FOR IMMEDIATE RELEASE


HEALTH MANAGEMENT, INC. TO RESTATE FIRST & SECOND QUARTER FINANCIAL STATEMENTS
    AND TAKE A 3RD QUARTER CHARGE; ANNOUNCES AN AMENDMENT TO THE TRANSWORLD
                                  TRANSACTION

Buffalo Grove, Illinois - March 17, 1997 - Health Management, Inc. ("HMI")
(NASDAQ Small Cap Market:  HMIS)  announced today that it plans to restate its
financial statements for the first and second quarters of its 1997 fiscal year
to correct certain errors relating to costs of goods sold, which were
previously understated by approximately $1.8 million and $800,000,
respectively.  HMI also plans to take a charge of approximately $13 million in
the third quarter of 1997, which includes a writeoff of approximately $2.8
million in goodwill and other costs associated with the sale of the Baltimore
retail pharmacies and a writedown of approximately $10 million in accounts
receivable.  The Company will also report substantial operating losses for the
quarter ended January 31, 1997 and for the nine months then ended.  The filing
of amended 10-Qs reflecting such restatements and the third quarter 10-Q is
expected to be made on or before March 24, 1997.
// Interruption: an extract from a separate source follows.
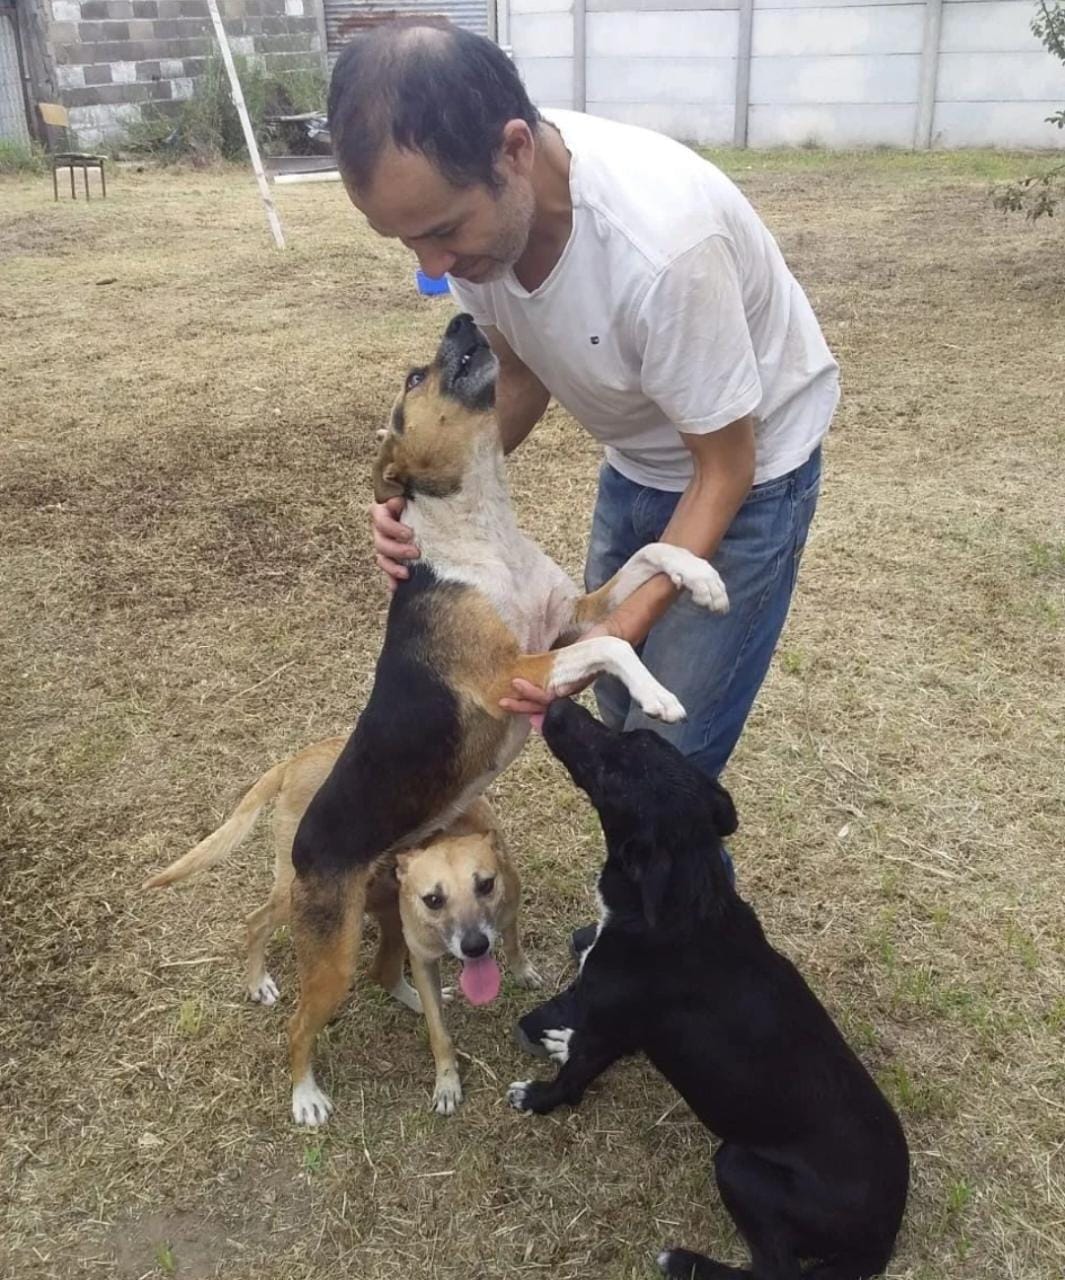 Una cadena solidaria recuperó a las mascotas de una familia y logró un reencuentro interprovincial

HMI and Transworld Home Healthcare, Inc. are currently in discussions regarding
a renegotiated deal.

The March 14, 1997 hearing for final approval of the amended settlement
agreement in respect of the stockholder class action lawsuit was adjourned until
April 11, 1997.

Earlier this week, listing of HMI's common stock was moved the NASDAQ Small Cap
Market from the NASDAQ National Market System.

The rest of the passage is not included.